EXHIBIT 10.39
RECEIVABLES TRANSFER AND
CONTRIBUTION AGREEMENT
This Receivables Transfer and Contribution
Agreement (this “ Agreement ”) is made and
entered into as of November 24, 2008, by and between SANMINA SPV
LLC, a Delaware limited liability company (“
Transferee ”) and SANMINA-SCI CORPORATION, a Delaware
corporation (“ Sanmina ” or “
Transferor ”).
W I T N E S S E T H:
On the terms and subject to the conditions set
forth herein, the Transferor contribute, and Transferee shall
accept as a capital contribution, on a “true
contribution” basis, certain of the Transferor's Accounts
Receivable from time to time.
ARTICLE I
DEFINITIONS
Section 1.1 Definitions . Unless
otherwise defined herein, all capitalized terms will have the
meanings given such terms in that certain Credit and Security
Agreement dated the date hereof (as the same may be amended,
restated, supplemented, or otherwise modified from time to time,
the “ Credit Agreement ”), by and among
Transferee, Deutsche Bank AG, New York Branch, as administrative
agent (the “ Agent ”) and the banks and
financial institutions named therein as Lenders ( the “
Lenders ”).
Section 1.2 Accounting Terms and
Determinations . Unless otherwise specified herein, all terms
of an accounting character used herein will be interpreted, all
accounting determinations hereunder will be made, and all financial
statements required to be delivered hereunder will be prepared, in
accordance with GAAP, applied on a basis consistent (except for
changes concurred in by the Public Accountants or otherwise
required by a change in GAAP) with the most recent audited
consolidated financial statements of Sanmina and its
Subsidiaries.
Section 1.3 References . Unless
otherwise indicated, references in this Agreement to
“articles,” “exhibits,”
“schedules,” “sections,” and other
subdivisions are references to articles, exhibits, schedules,
sections and other subdivisions hereof.
Section 1.4 Terminology . The terms
“herein,” “hereof,” and
“hereunder” and other words of similar import refer to
this Agreement as a whole and not to any particular section,
paragraph or subdivision. Any pronoun used will be
deemed to cover all genders. Unless the context otherwise clearly
indicates, words used in the singular include the plural and words
used in the plural include the singular. In the computation of
periods of time from a specified date to a later specified date,
the word “from” means “from and including”
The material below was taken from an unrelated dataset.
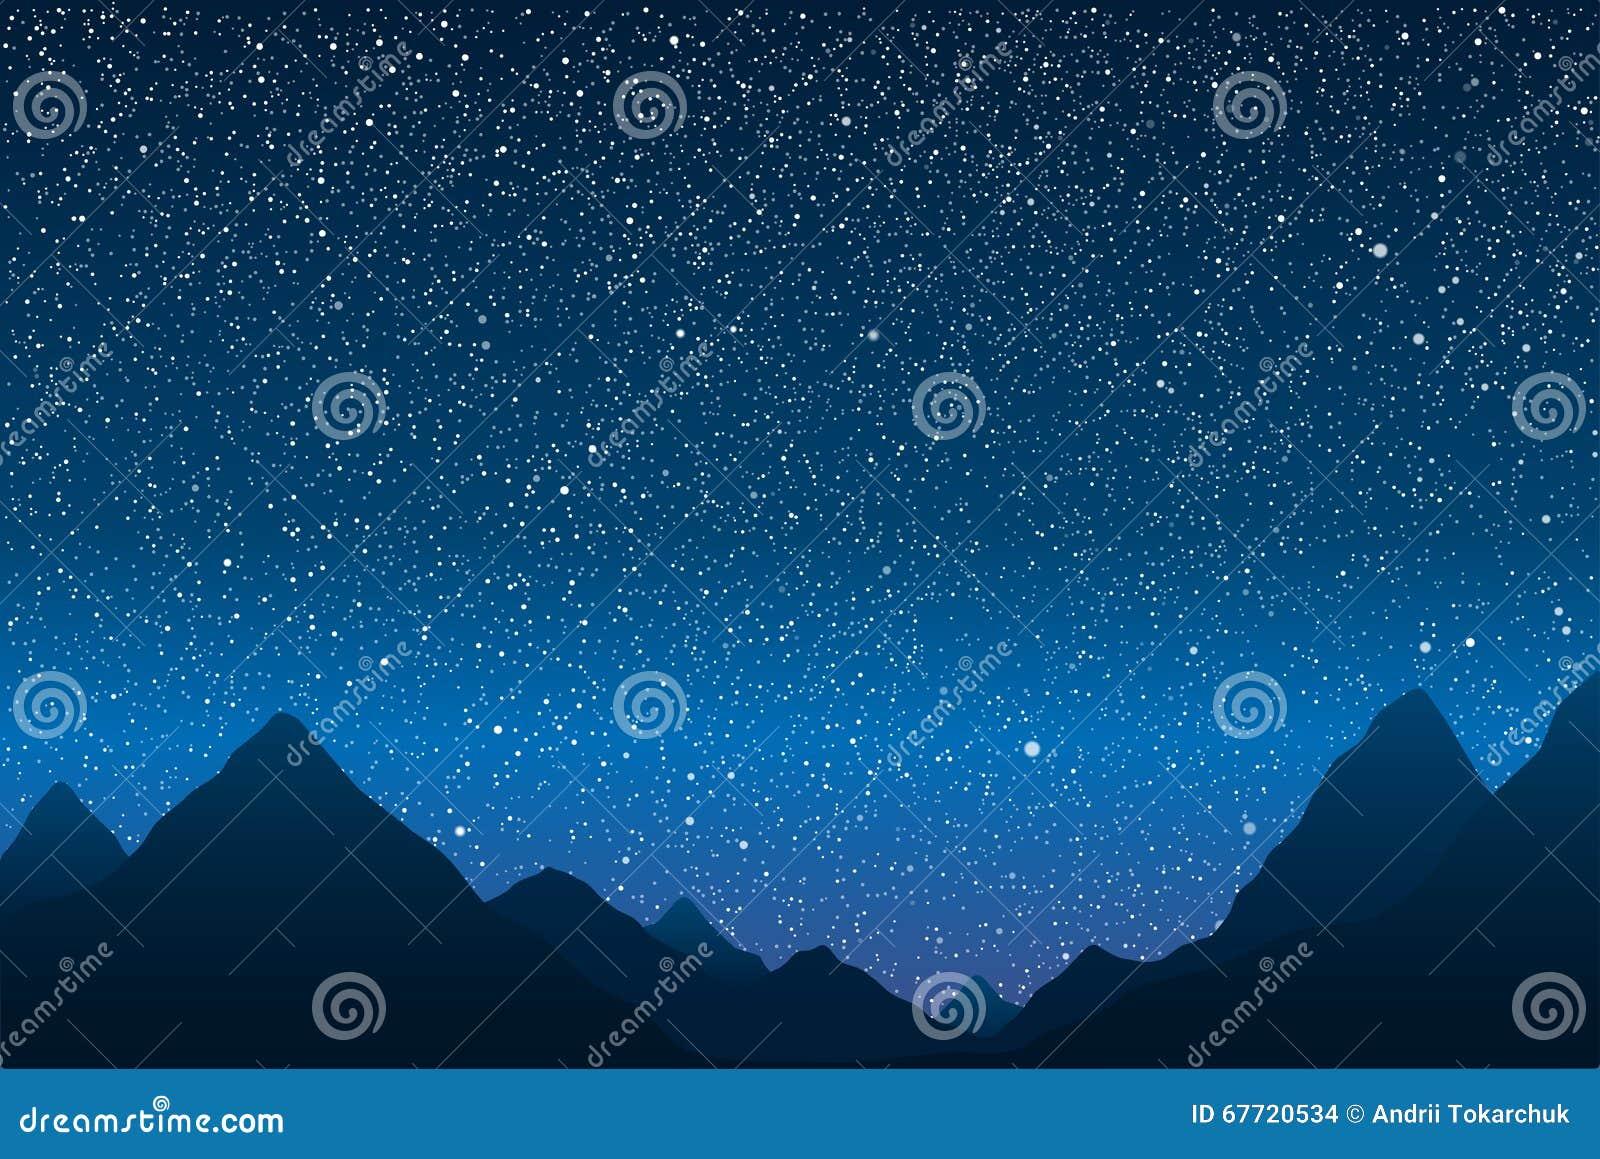 Blue Dream Cielo Stellato Costo.Siluetta Delle Montagne Cielo Stellato Env 10 Illustrazione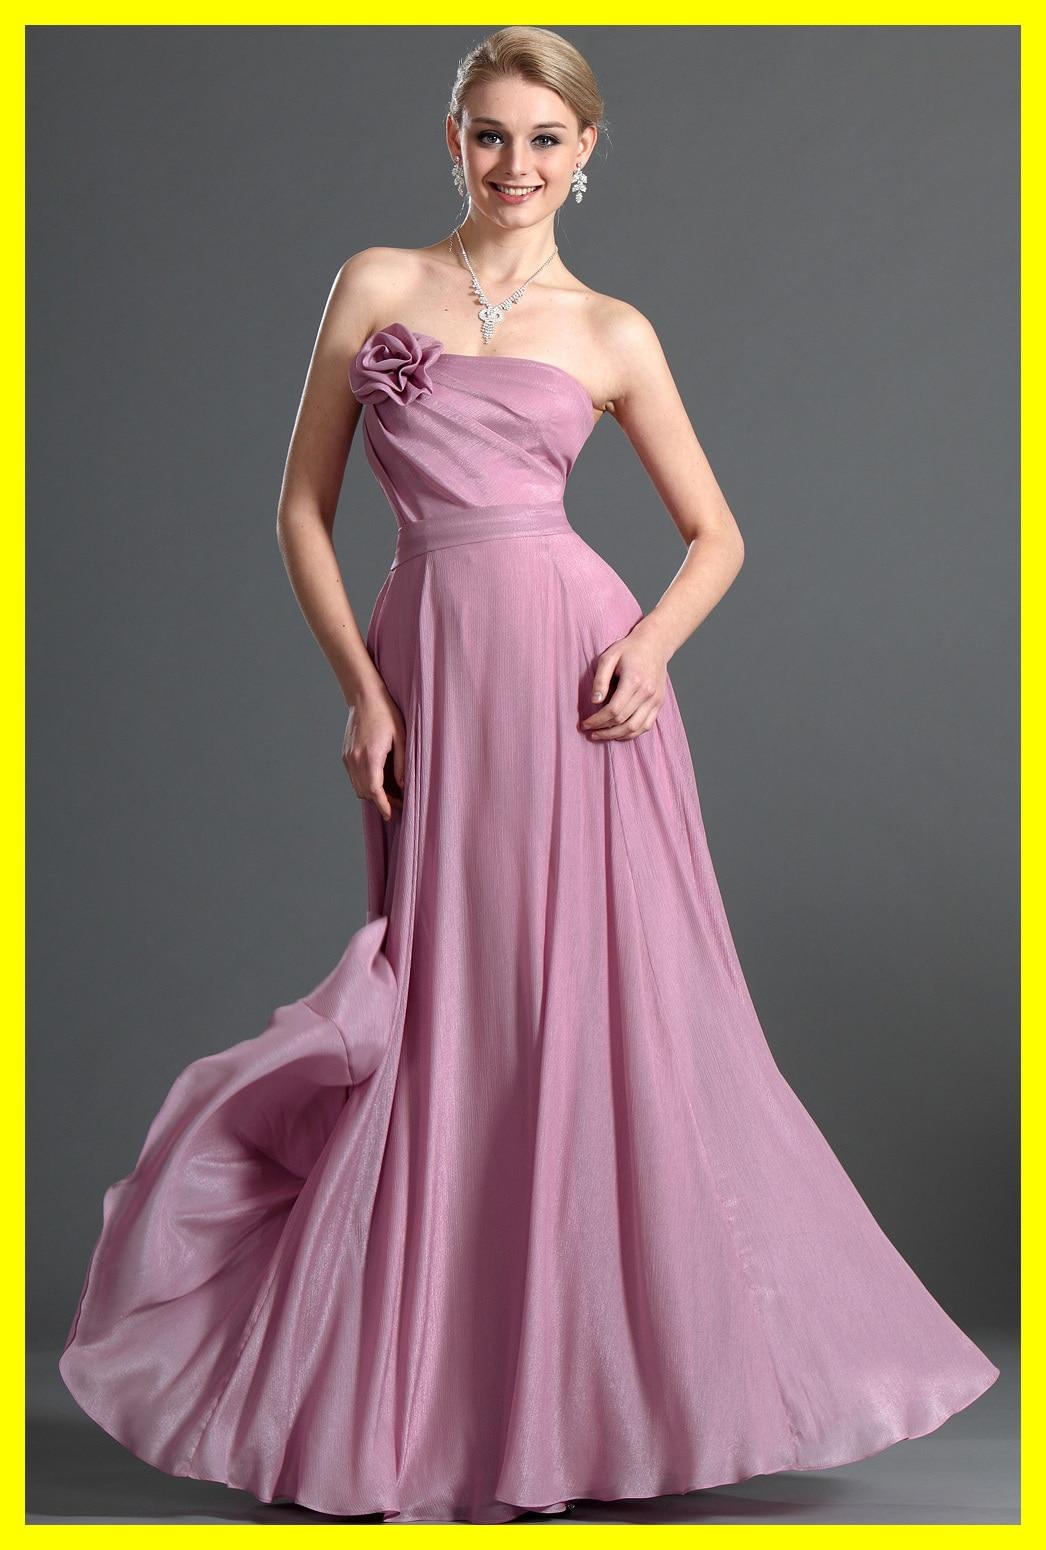 Vistoso Vestidos De Dama De Honor De La Medianoche Azul Reino Unido ...

and the words “to” and “until” each means
“to but excluding.” All references to statutes and
related regulations will include any amendments of same and any
successor statutes and regulations. All references to
any of the Program Documents will include any and all amendment or
modifications thereto and any and all restatements, extensions or
renewals thereof. All references to any Person will mean and
include the successors and permitted assigns of such Person. All
references to “including” and “include”
will be understood to mean “including, without
limitation.” All references to the time of day will mean the
time of day on the day in question in New York City, New York,
unless otherwise expressly provided in this
Agreement. An Unmatured Termination Event or a
Termination Event will be deemed to exist at all times during the
period commencing on the date that such Unmatured Termination Event
or Termination Event occurs to the date on which such Unmatured
Termination Event or Termination Event is waived in writing
pursuant to this Agreement or, in the case of Unmatured Termination
Event, is cured within any period of cure expressly provided in
this Agreement; and a Termination Event will
“continue,” be “continuing,” or “in
existence” until such Termination Event has been waived in
writing by the Agent acting on behalf of the Lenders in accordance
with the provisions of the Credit Agreement, or cured.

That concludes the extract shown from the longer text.